Specializes in Psych (25 years), Medical (15 years).

I empathize with your situation, Tierno. In my 40 years of nursing, I had quite a long list of med errors, but no one cried (well, maybe except me), no one died, or had to be sent to ER.

"To err is human, and to forgive (even yourself) is Devine."

Sometimes a decade would pass between my med errors. Each time, I said, "Well, I learn from that one", only to live and make the same stupid mistake later. It's all water under the bridge now and will be for you someday.

Bottom line, Tierno, you named it, claimed it and was proactive. For that, you have my respect.

 

I can see the technical error, but it really is no big deal. You gave her half the dose because she said 15mg was too much. You were taking care of the patient. From an admin standpoint, it's a narcotic so maybe it has to be accounted for. I actually made this same mistake except it was with Lyrica 100mg and that is a capsule! And the nurse I wasted with didn't say anything, she just verified☺️. Another nurse is the one that said something. See how ridiculous I felt giving 50mg of a 100mg capsule (you can't! ), you have to eyeball it. 100mg was the dose dispensed by the Pyxis. I was embarrassed as I should have known this, I made a mistake and I owned up to it. 

Specializes in Hospice.

If the ms contin was ordered for pain from the previous day's accident, OP was kinda set up. That order was inappropriate to begin with and should have been questioned.

Was the patient also being treated for chronic pain prior to the accident? MS Contin isn't usually ordered until the 24 hr dosage requirement is established with immediate release morphine. The OPs instinct was correct - to titrate the dose when side effects occured. The mistake was not speaking to the ordering practitioner first and cutting the pill.

I agree with previous posters that OP handled her mistake honestly and with integrity. Good job!

Specializes in I don't think I'm an expert yet.

I sincerely appreciate all of your responses. I felt like I was all alone but with a huge spot light on me for the whole world to see and the deep voice of one of those guys in a movie preview saying "This one should not be a nurse!" Now the spotlight is off, the deep voice disappeared and I'm part of the crowd. Thanks again.

Specializes in Psych (25 years), Medical (15 years).
Tierno said:

I sincerely appreciate all of your responses. I felt like I was all alone but with a huge spot light on me for the whole world to see and the deep voice of one of those guys in a movie preview saying "This one should not be a nurse!" Now the spotlight is off, the deep voice disappeared and I'm part of the crowd. Thanks again.

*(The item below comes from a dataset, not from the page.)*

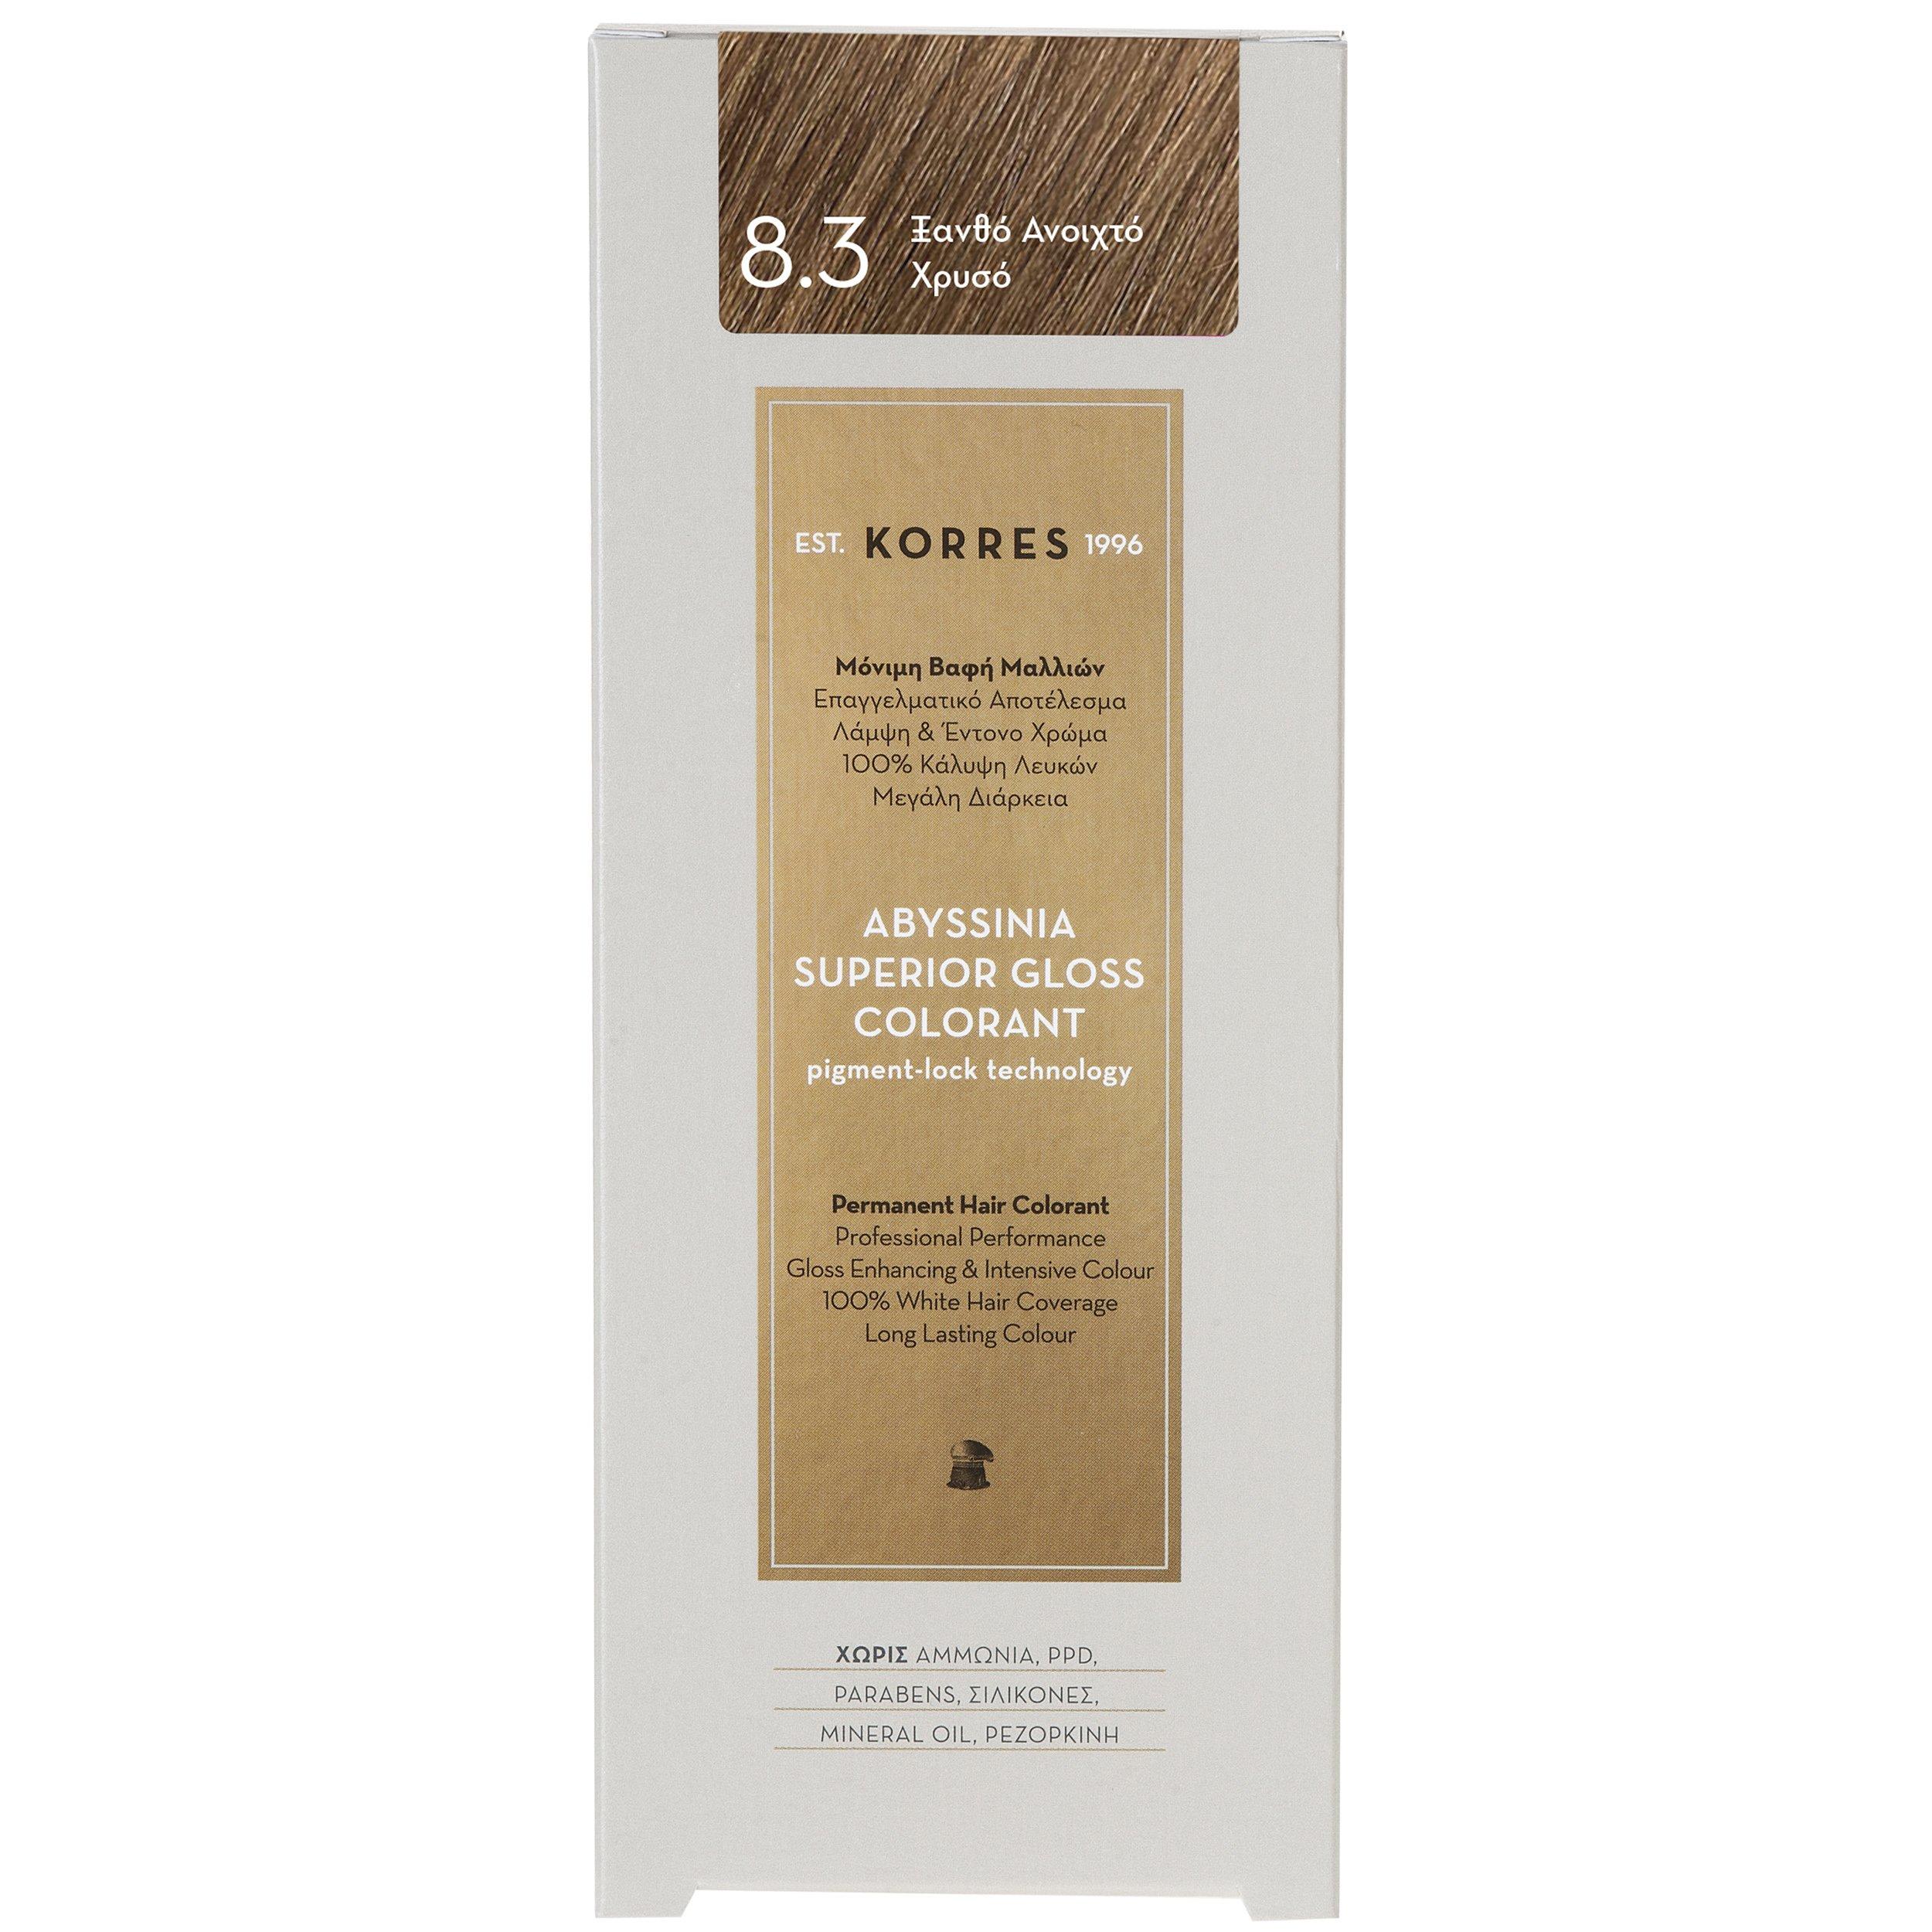 Korres Abyssinia Superior Gloss Colorant Επαγγελματικό Αποτέλεσμα Λάμψη & Έντονο Χρώμα – 8.3 ΞΑΝΘΟ ΑΝΟΙΚΤΟ ΧΡΥΣΟ

I love it when that deep voice disappears, and we are allowed to examine the situation from more of an empathetic, logical perspective!

Specializes in School Nurse.

I made a med error as a nursing student. I was already an LPN and was in school for my RN. The day was already hectic and we had to wait for this med from pharmacy for a couple of hours. I made 2 main mistakes and my instructor made one. Firstly, I didn't scan the medication before giving it. I scanned the packaging after administration. (I had already worked in the hospital and I had never given meds without scanning the packaging first). Secondly, I didn't read the order correctly and carefully. The order was for Oxybutynin 5mg every morning and afternoon (10mg per day). I administered the WHOLE pill at once. My instructor did not catch my mistake and he was not even looking at the computer. Fortunately Oxybuynin doesn't have many side effects, and the patient was all right. 
I was so embarrassed and scared. But I did tell the primary nurse for my patient. 

The most important thing is that you took responsibility for your mistake and didn't try to hid it.